At‑least‑once delivery (e.g. Storm’s acking) led to duplicate records unless sinks implemented manual deduplication.
Partial writes to external ACID stores meant failures could leave inconsistent state.
Developers had to track message IDs or version columns and build Lambda/Kappa layers to reconcile real‑time and batch views
How does Flink use checkpoint barriers and operator state to achieve exactly-once processing?
Checkpoint Barriers: Periodically injected into streams; barriers flow downstream, pausing outputs and buffering incoming data until all inputs align.

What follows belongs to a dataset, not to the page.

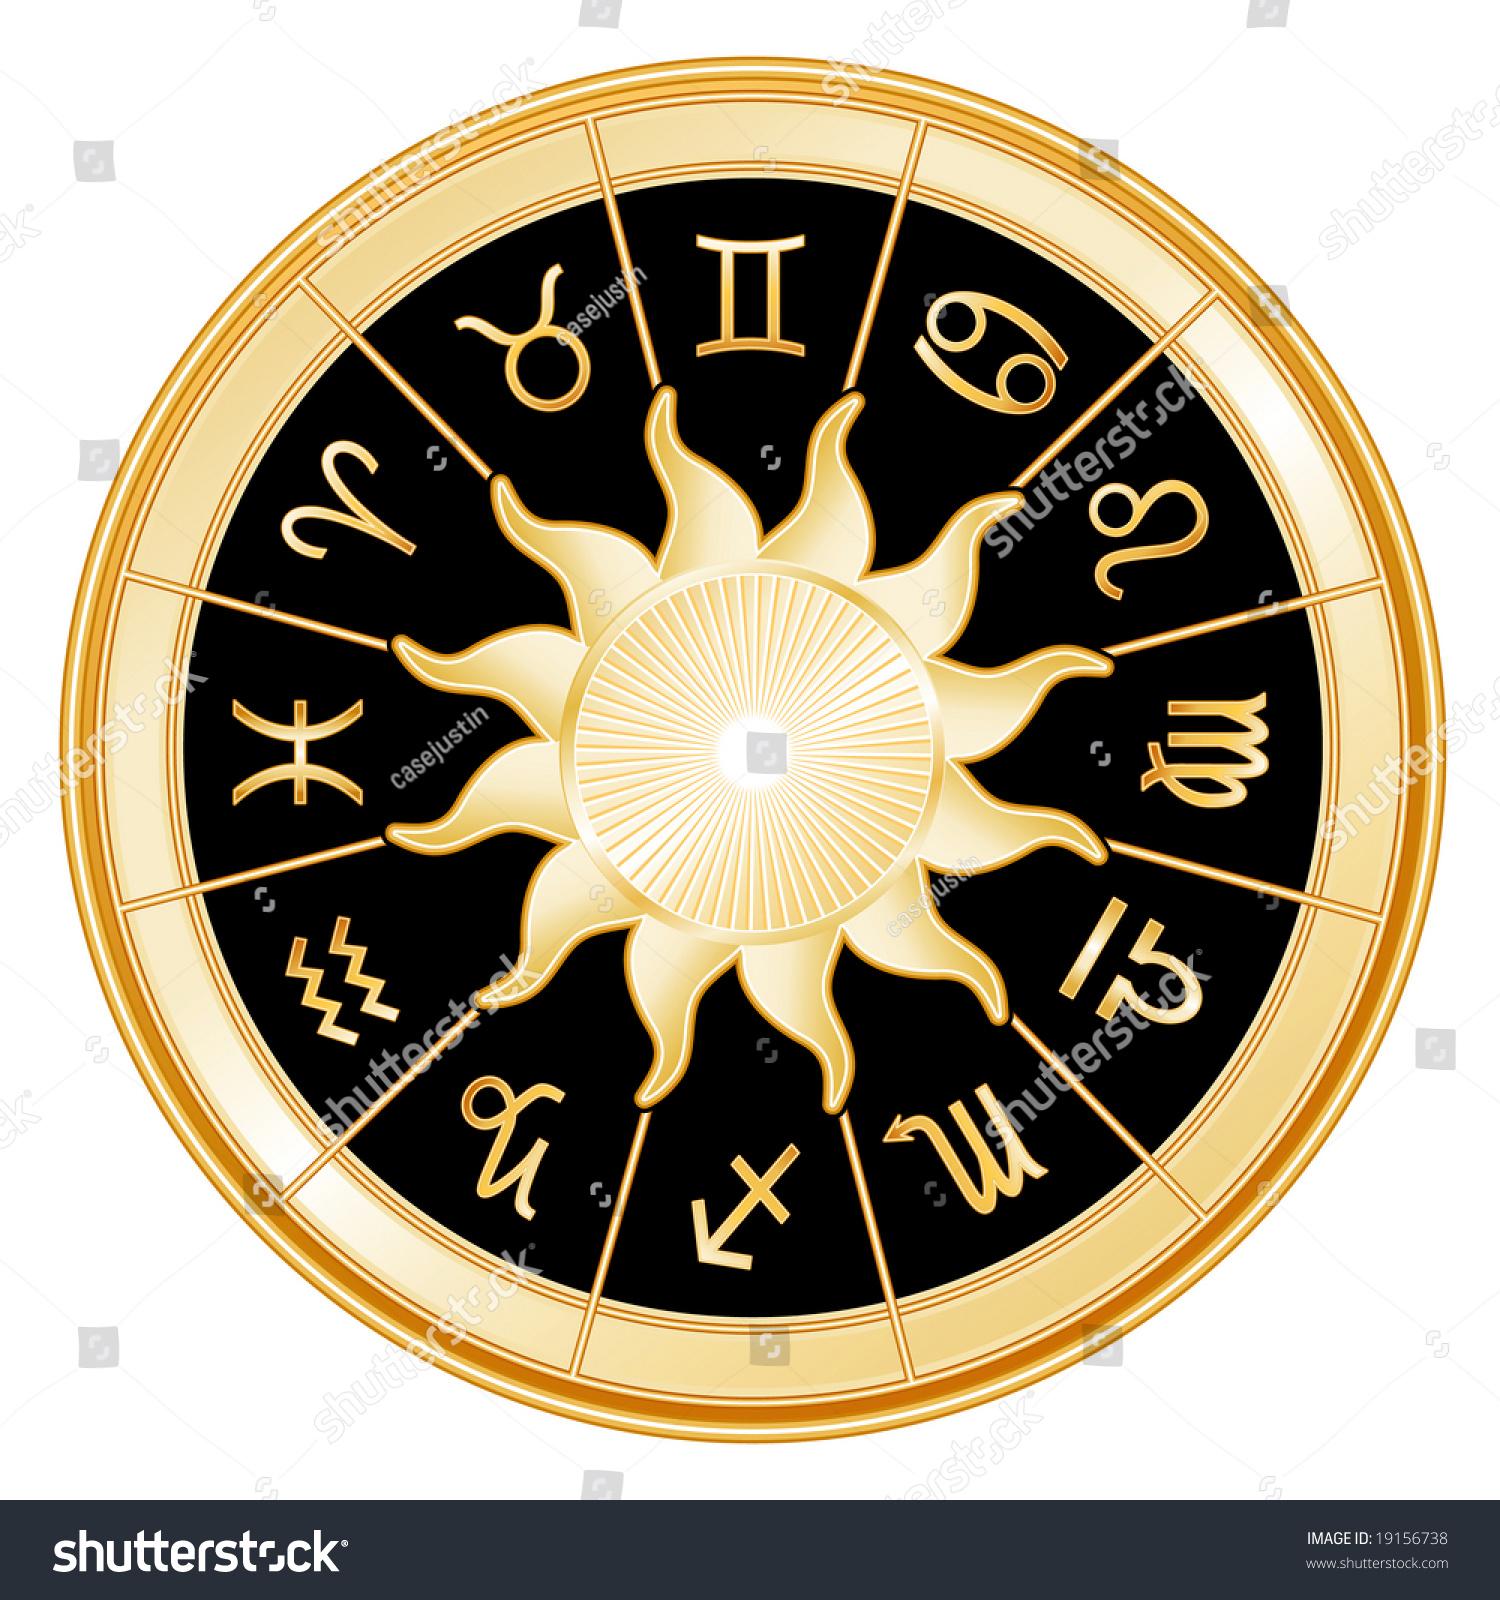 horoscope signs zodiac 12 astrology symbols stock illustration 19156738 shutterstock. Black Bedroom Furniture Sets. Home Design Ideas

Operator State Snapshots: Once aligned, each operator snapshots its local (keyed or operator‑wide) state to durable storage.
Recovery: On failure, Flink restores state from the last completed checkpoint and replays upstream data, ensuring no partial snapshots or duplicate processing .
What is the purpose of two-phase commit for external sinks in Flink, and how does it ensure consistency?
Prepare Phase: During a checkpoint, the sink writes data in a “pending” or transactional state.
Commit Phase: On successful checkpoint completion, the sink finalizes (commits) those writes atomically.
Rollback on Failure: If the checkpoint fails, the sink discards pending writes, preventing partial updates and guaranteeing exactly‑once delivery to external systems
How does Flink unify real-time correctness with recovery strategies, eliminating the need for Lambda/Kappa reconciliation?
Co‑located Compute & State: Operators hold state locally, reducing external write dependencies.
Unified Checkpoint‑Based Snapshots: Same mechanism drives both real‑time processing and historical replays.
Single Pipeline for Live & Backfill: Recovery via checkpoint restore and log replay uses identical code paths, removing separate batch layers and manual merge logic
What are the core features of Apache Flink’s architecture?
Native event‑driven runtime: Processes records as true streams, not micro‑batches
Stateful stream computations: Built‑in keyed and operator state with distributed scaling
Exactly‑once semantics: Checkpointing and two‑phase commits ensure end‑to‑end consistency
JobManager & TaskManagers: Central coordinator (JobManager) and worker nodes (TaskManagers with slots and operator chaining) for parallel execution
Pipelined data exchange: Continuous pipelines for low latency, with fault‑tolerance via coordinated checkpoints/savepoints
How do the DataStream, Table, and SQL APIs support a wide range of streaming use cases in Flink?
DataStream API:
- Unified model for streaming & batch; high‑/low‑level operators (map, filter, flatMap)
- Stateful processing with keyed state, event‑time watermarks, windows, custom logic
- Connectors for Kafka, Kinesis, file systems, etc.
Table API:
- Relational, schema‑based abstraction over DataStream/DataSet
- SQL‑like transformations, time attributes for event‑time grouping, joins, aggregations
- Single codebase for both batch and streaming
SQL API:
- Standard SQL over streaming tables with streaming extensions (OVER windows, temporal joins)
- Integrated event‑time semantics and same optimizer/runtime as Table API
What is Spark Streaming’s discretized stream processing model, and how does it differ from traditional record-at-a-time systems?
Discretized model: chops the live data stream into micro‑batches of fixed interval (e.g., X seconds) and runs each batch as a Spark job.
Traditional model: processes one record at a time, maintaining mutable in‑node state that is lost on failure.
Key difference: Spark Streaming treats each interval as immutable RDDs (resilient batches), avoiding per‑record state loss and enabling fault tolerance via RDD lineage .
How does Spark Streaming use micro-batches (DStreams) to achieve fault-tolerant, near-real-time processing?
DStreams: represent a continuous stream as a sequence of RDDs, one per batch interval.
Processing: each RDD is processed with standard Spark transformations and actions.
Fault tolerance: RDDs are recomputed from lineage on failure, so any lost partition can be rebuilt automatically.
Latency: batch intervals as low as 0.5 s yield end‑to‑end latencies around 1 s .
What is the role of RDDs in Spark Streaming’s computation model?
Each micro‑batch of incoming data is materialized as one or more Resilient Distributed Datasets (RDDs).
RDDs provide:
Immutable, partitioned data for parallel processing
Lineage information for automatic recomputation on failure
Seamless integration with Spark’s core APIs (SQL, MLlib, GraphX)
What types of data sources can Spark Streaming integrate with out-of-the-box (e.g., Kafka, HDFS, TCP sockets)?
Kafka
HDFS
Flume
Akka Actors
Raw TCP sockets
(Plus custom sources via easy‑to‑write receivers)